Excerpts from a dataset
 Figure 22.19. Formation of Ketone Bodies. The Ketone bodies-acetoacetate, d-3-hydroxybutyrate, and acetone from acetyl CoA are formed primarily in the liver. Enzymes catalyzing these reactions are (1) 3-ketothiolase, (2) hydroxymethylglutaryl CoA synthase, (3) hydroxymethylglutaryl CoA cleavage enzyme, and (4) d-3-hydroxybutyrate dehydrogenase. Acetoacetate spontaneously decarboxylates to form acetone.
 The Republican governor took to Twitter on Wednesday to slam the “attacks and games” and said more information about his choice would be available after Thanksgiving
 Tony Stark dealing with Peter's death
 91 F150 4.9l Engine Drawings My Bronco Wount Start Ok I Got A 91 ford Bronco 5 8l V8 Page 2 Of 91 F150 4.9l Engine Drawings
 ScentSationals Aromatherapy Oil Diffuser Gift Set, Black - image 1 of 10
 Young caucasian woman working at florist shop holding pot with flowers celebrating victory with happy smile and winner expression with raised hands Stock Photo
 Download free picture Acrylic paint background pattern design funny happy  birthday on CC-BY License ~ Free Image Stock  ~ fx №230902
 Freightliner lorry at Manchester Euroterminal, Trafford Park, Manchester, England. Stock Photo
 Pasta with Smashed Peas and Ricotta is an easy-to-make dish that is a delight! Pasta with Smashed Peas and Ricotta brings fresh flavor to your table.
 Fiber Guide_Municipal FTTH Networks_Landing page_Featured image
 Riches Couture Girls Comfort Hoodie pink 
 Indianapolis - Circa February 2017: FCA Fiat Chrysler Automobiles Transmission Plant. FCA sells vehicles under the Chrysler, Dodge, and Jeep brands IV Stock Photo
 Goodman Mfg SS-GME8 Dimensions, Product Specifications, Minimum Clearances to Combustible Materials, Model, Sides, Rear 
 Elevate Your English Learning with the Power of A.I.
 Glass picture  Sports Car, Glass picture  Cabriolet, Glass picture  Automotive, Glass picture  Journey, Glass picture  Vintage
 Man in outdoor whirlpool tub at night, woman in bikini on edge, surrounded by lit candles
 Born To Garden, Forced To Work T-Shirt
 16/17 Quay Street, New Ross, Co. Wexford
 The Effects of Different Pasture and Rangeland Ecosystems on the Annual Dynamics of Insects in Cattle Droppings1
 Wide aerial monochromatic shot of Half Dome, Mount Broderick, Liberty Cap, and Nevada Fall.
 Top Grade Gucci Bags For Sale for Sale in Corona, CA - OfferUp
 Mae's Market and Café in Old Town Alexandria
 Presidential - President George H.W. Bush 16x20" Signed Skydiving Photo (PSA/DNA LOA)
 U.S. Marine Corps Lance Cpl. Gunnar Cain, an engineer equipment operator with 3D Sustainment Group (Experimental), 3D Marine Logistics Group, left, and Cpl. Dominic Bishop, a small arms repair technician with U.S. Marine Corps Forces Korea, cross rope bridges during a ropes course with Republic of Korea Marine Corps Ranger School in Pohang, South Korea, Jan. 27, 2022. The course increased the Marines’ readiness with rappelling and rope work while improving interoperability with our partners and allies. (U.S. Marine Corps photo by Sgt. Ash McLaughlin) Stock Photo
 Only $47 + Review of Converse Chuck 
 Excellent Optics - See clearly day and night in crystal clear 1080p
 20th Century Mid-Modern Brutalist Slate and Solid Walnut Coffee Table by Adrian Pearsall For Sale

§ **Problem details**
If a line of the entries contains the string "happy", it counts; report how many such lines there are, as a bare number.

§ **Task response**
2